Все окончив, завершив дело жизни, Жан Мелье умер. Историкам, несмотря на предпринятые старания, не удалось найти в документах дату его смерти и похорон или его могильной плиты. В приходской церковной книге нет записи о его похоронах! Есть записи о совершенных им требах в мае 1729 года. Последний подписанный Мелье документ, недавно найденный, это совершенный 27 июня 1729 года акт о его отказе от прав на часовню де Те в пользу такого-то. 7 июля — опись имущества покойного Жана Мелье… 9 июля — запись о назначении в Этрепиньи нового священника Антуана Гильотена. Итак, Жан Мелье скончался не раньше 28 июня и не позже 6 июля 1729 года — в пределах этой недели.
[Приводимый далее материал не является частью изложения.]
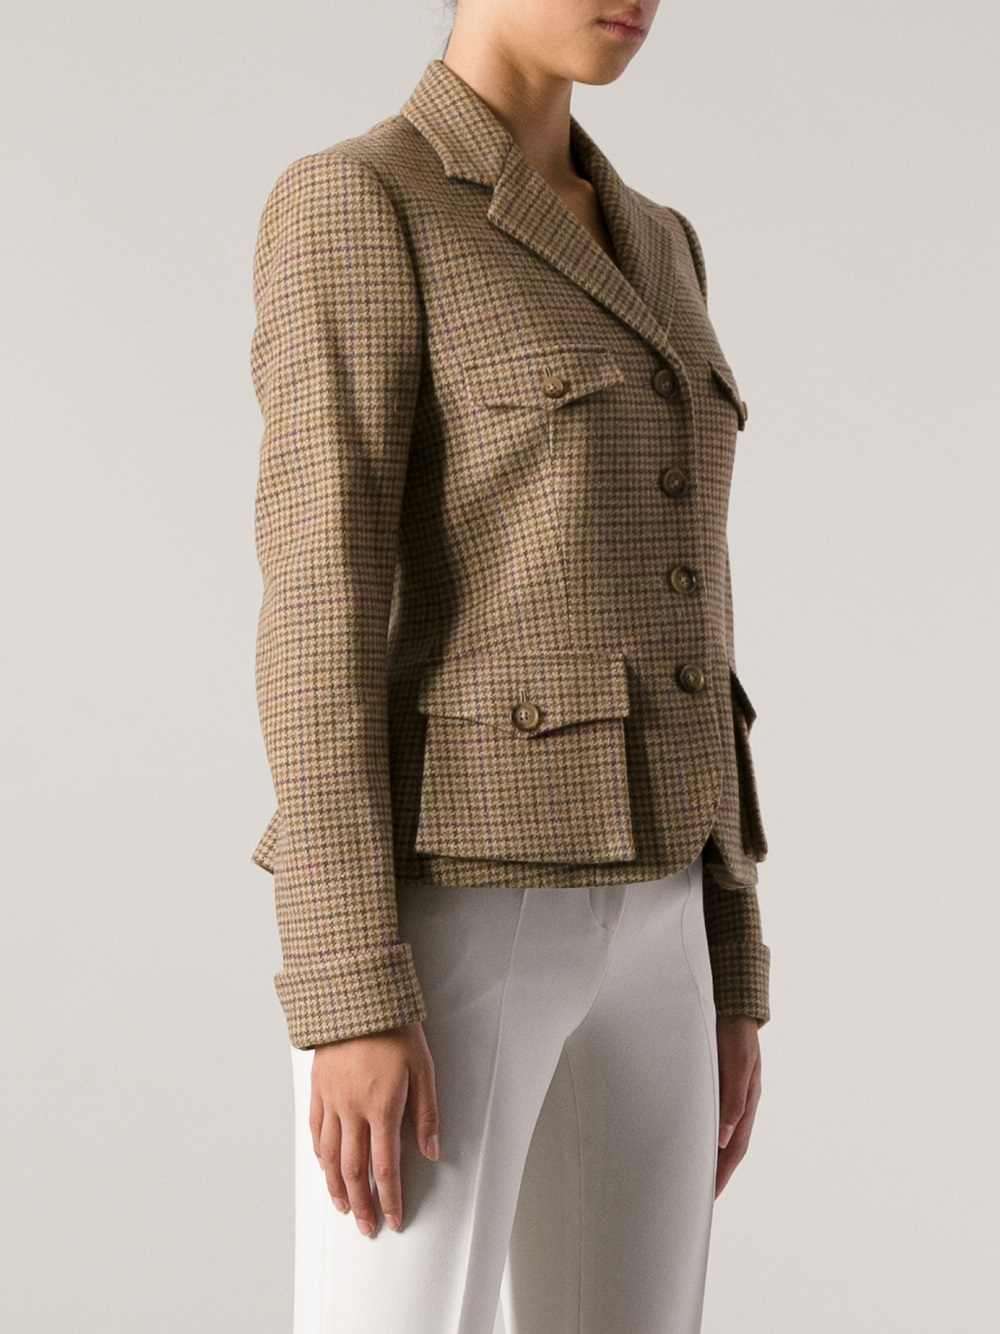 Lyst - Ralph Lauren Jess Tweed Jacket in Brown

Само молчание церковной книги кричит. Со священником, кюре не могли после смерти обойтись хуже, чем с любым бедняком прихожанином, похороны которого всегда записывались. Это молчание почти наверняка говорит о том, что покойный кюре был признан самоубийцей и не был предан земле по положенному обряду. И в самом деле, имя Жана Мелье впоследствии постоянно сопровождалось утверждением, что этот кюре-атеист в шестидесятипятилетнем возрасте, почти ослепнув, ускорил свою смерть, запершись один в своем доме и отказываясь от пищи и питья.
Если допустить, что это правда, мы слишком хорошо знаем все тайники мыслей Мелье, чтобы истолковать умерщвление им себя как акт усталости и отчаяния. Если он в самом деле решил так сделать, то причина могла быть только одна: закончив труд и разместив три экземпляра согласно плану, он уже же хотел подвергать предусмотренный ход событий никаким случайностям. Ведь его дальнейшая жизнь могла быть лишь посторонней и случайной по отношению к завершенной жизни. Чтобы все шло в соответствии с абстрактной и совершенной логикой великого замысла, Мелье мог ускорить свой конец. В пользу такого представления можно привести одно место из письма Мелье к кюре соседних приходов: «И если вы сочтете меня достойным похвалы, я не подумаю гордиться этим, я не жду от вас ни похвал, ни упреков, ни даже чтобы вы ответили мне, потому что я скоро умру. И я должен оставить мир, то есть я должен окончить свои дни до того, как это письмо будет вам передано». Это можно истолковать как план действий. В таком случае эта смерть скорее похожа на подвиг воина, чем на слабость старца.